E15 ethanol blend, hunger and the Syrian agriculture collapse: ties that bind.

EVEN as the UN Committee on World Food Security is meeting in Rome, debating how to tackle the problem of a billion starving people, expanding population, declining water and soil resources and global warming impacts on agriculture – the EPA has announced it will permit a higher quantity of ethanol to be mixed with the nations gasoline, for use in 2007 and younger vehicle models. This is estimated to increase ethanol demand by 19 billion gallons over the coming years, requiring between 6-7 billion bushels of corn.

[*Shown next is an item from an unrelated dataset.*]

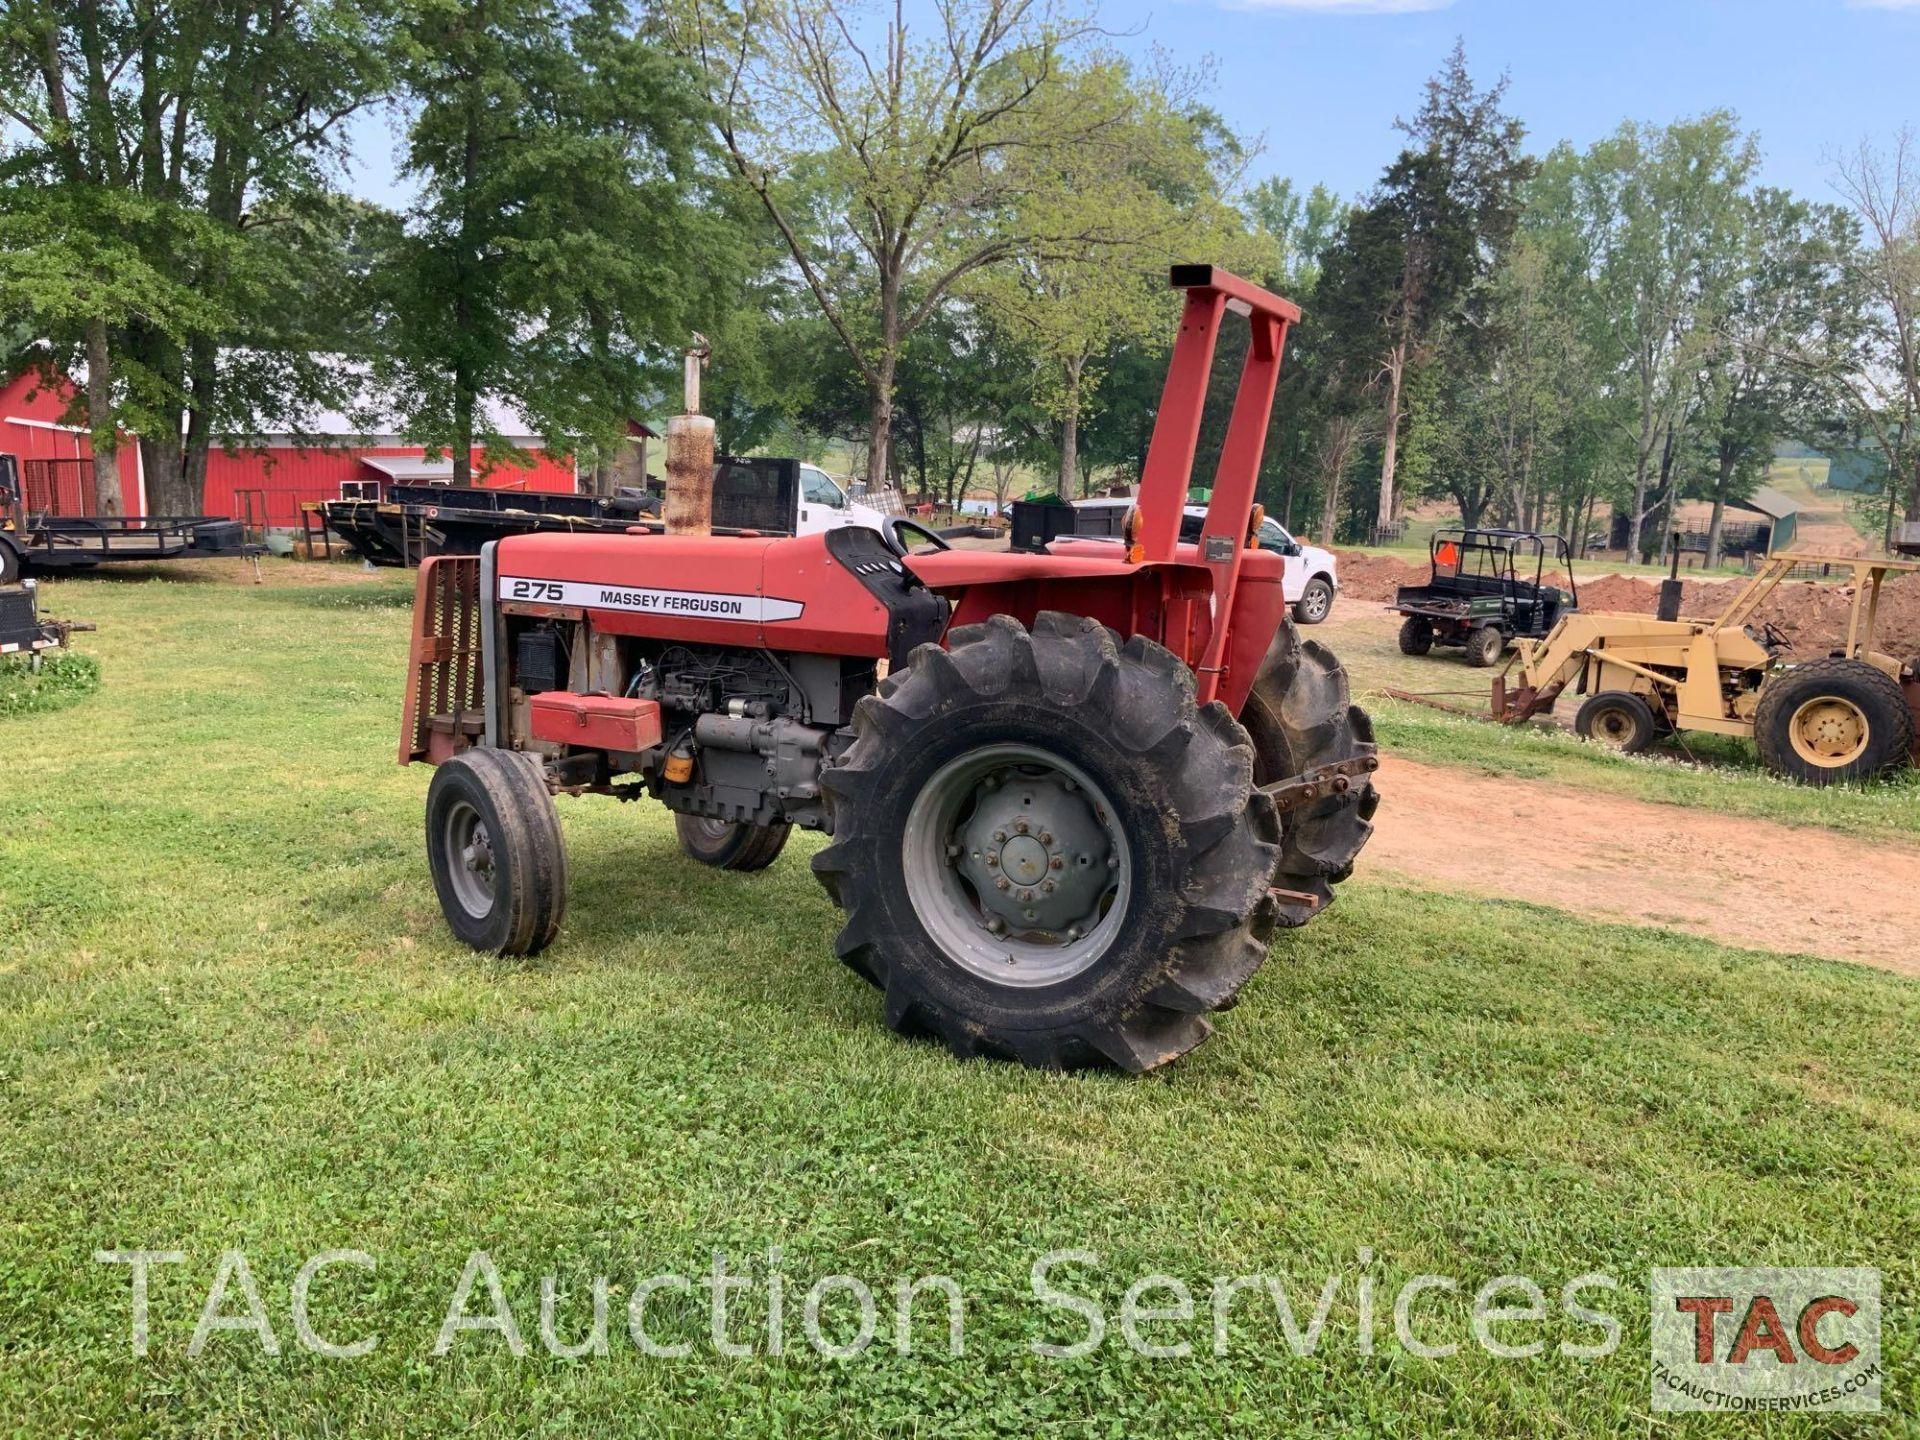 Massey Ferguson 275 Farm Tractor - Image 10 of 25

At issue in the debate over ethanol is not the billions starving, but how this might result in corrosion of engine components!

Estimates are that already nearly a third of US corn crop was used for ethanol in 2009-10. The ripple effect of this massive shift is felt around the world – rising food prices, (estimates are that biofuels are responsible for 30-75% of the food price rise that has driven an additional 30-100 million into hunger and sparked riots), increased production elsewhere, to fill the ethanol – created void, at the expense of forest and other biodiverse ecosystems, and increased appeal of land as a profitable and secure investment, which is driving land grabs around the world (a World Bank estimated 46 million hectares (114 million acres) already bought up – much of it in Africa, and about a third of that specifically for biofuel crop production.) La Via Campesina, the world’s largest Peasant farmers movement states in their press release of Oct 13th: “We Feed The World” indeed, little beknownst to many of us, peasant farmers – not Big Ag, produce nearly 70% of the world’s food. They go on to denounce industrial agribusiness and land grabs, calling for “genuine agrarian reform”.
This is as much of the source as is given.